Disconnected vacuum to modulator: no change
Disconnected Bowden cable: no change.

What has me stumped is the immediate change, not a gradual loss. Perhaps something gummed up in valve body? Any thoughts?
The symptoms, as described, point to a fault in the valve body, or in the governor pressure.
The statement "shifted into 2nd very late (25mph)" is understood to be an automatic upshift (selector in D). Is that correct?
Then "and there was no shifting past 2nd. 3500 rpm+ and no more upshift." Did the trans attempt to shift into 3rd, with the result that there was a "neutral" and engine speed broke-away?
If there was no break-away of engine speed there is probably no failure of clutch K1.



Quote:
Originally Posted by alexl View Post
For those interested.

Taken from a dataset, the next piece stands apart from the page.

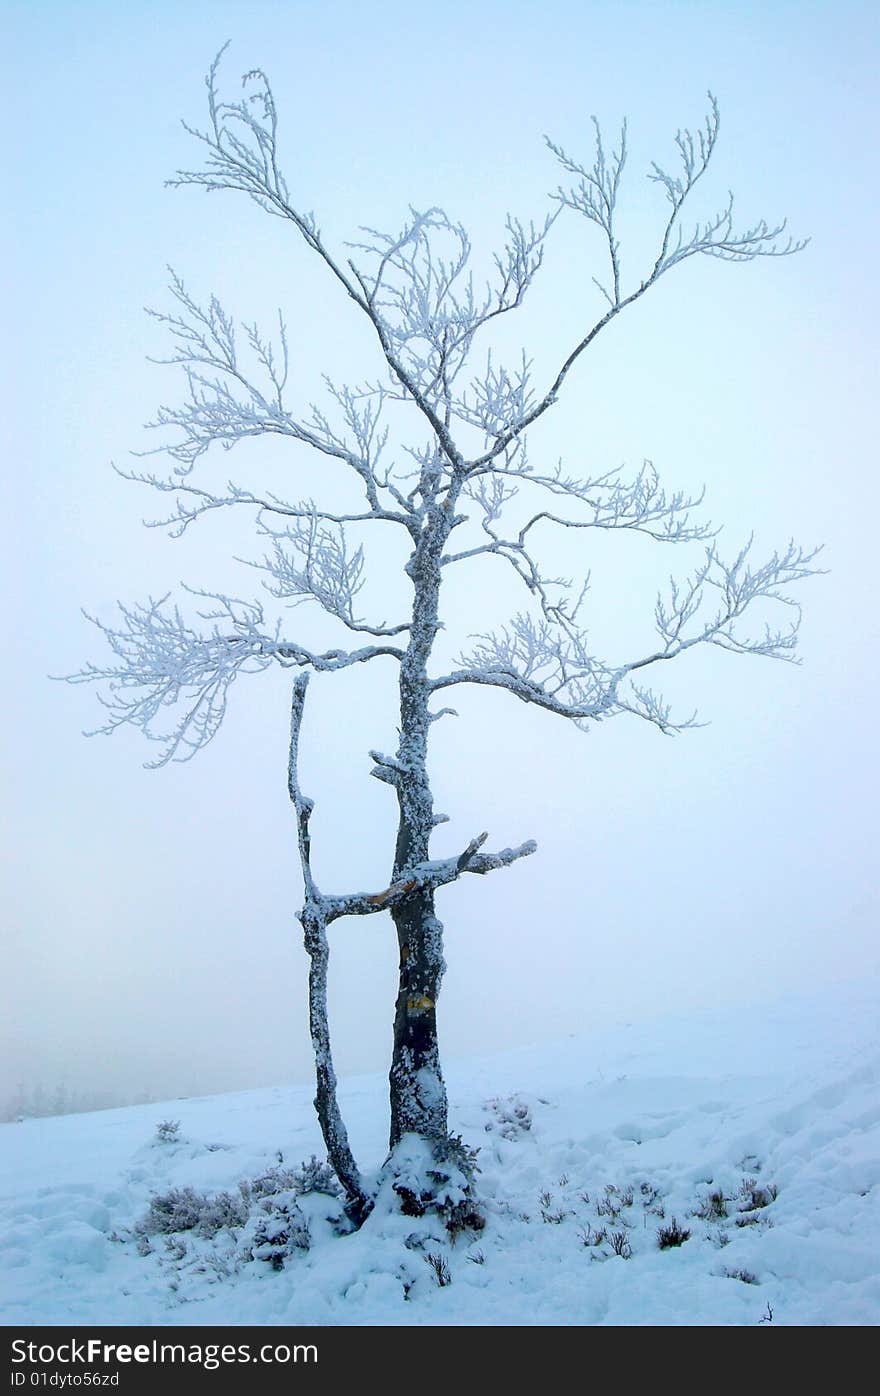 Snowy tree on misty background. Snowy tree on misty background

I relaxed filter, k1 spring, refilled with fresh atf and trans-x. Have driven 10 miles or so and still no 3rd or 4th. May drive again after a day or two to let the trans-x do it’s thing, but I don’t have high hopes. My feeling is there has been a failure in k1 clutch piston seals and the trans will need to come out. I successfully rebuilt the 46RE transmission in my old work truck, so I’ll probably try my luck with this one as well.

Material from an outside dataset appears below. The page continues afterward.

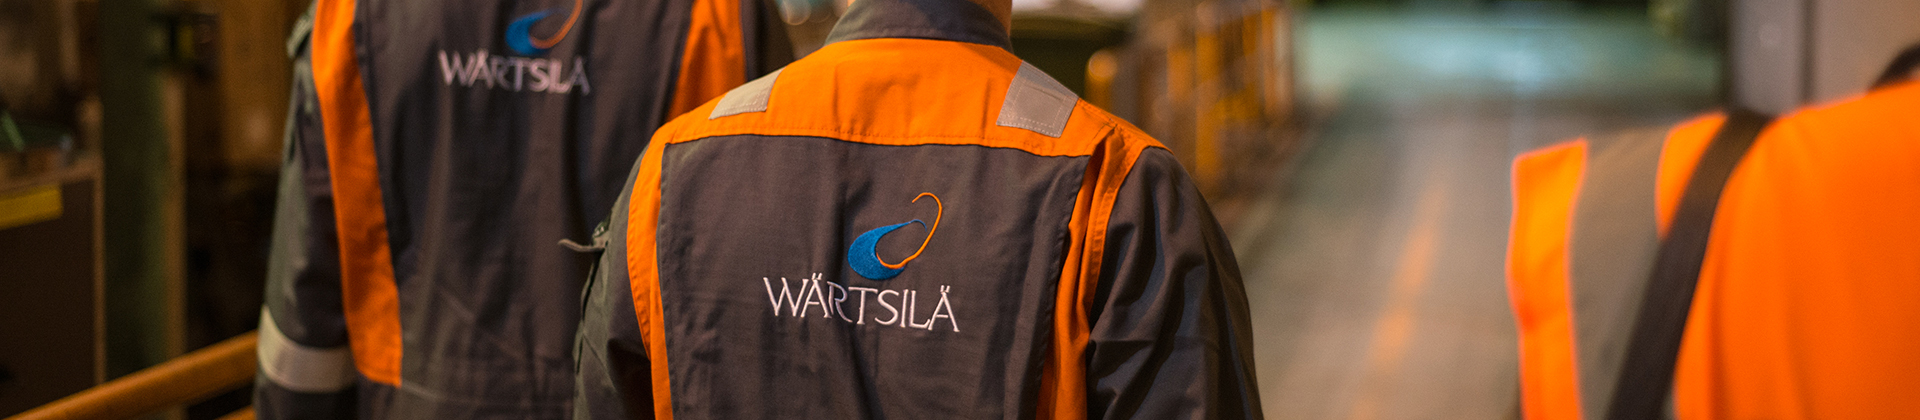 wartsila-seals-bearings-field-service-engineers

What is the “best” way to remove the transmission? Heavily considering just removing the engine and transmission together and taking the opportunity to reseal the engine.
Again, if there is no break-away of engine speed, clutch K1 is probably OK.
An examination of the valve body and the governor is in order prior to pulling the trans.
It should be understood that transmission shops do not remove engines from the W123 chassis when rebuilding the trans!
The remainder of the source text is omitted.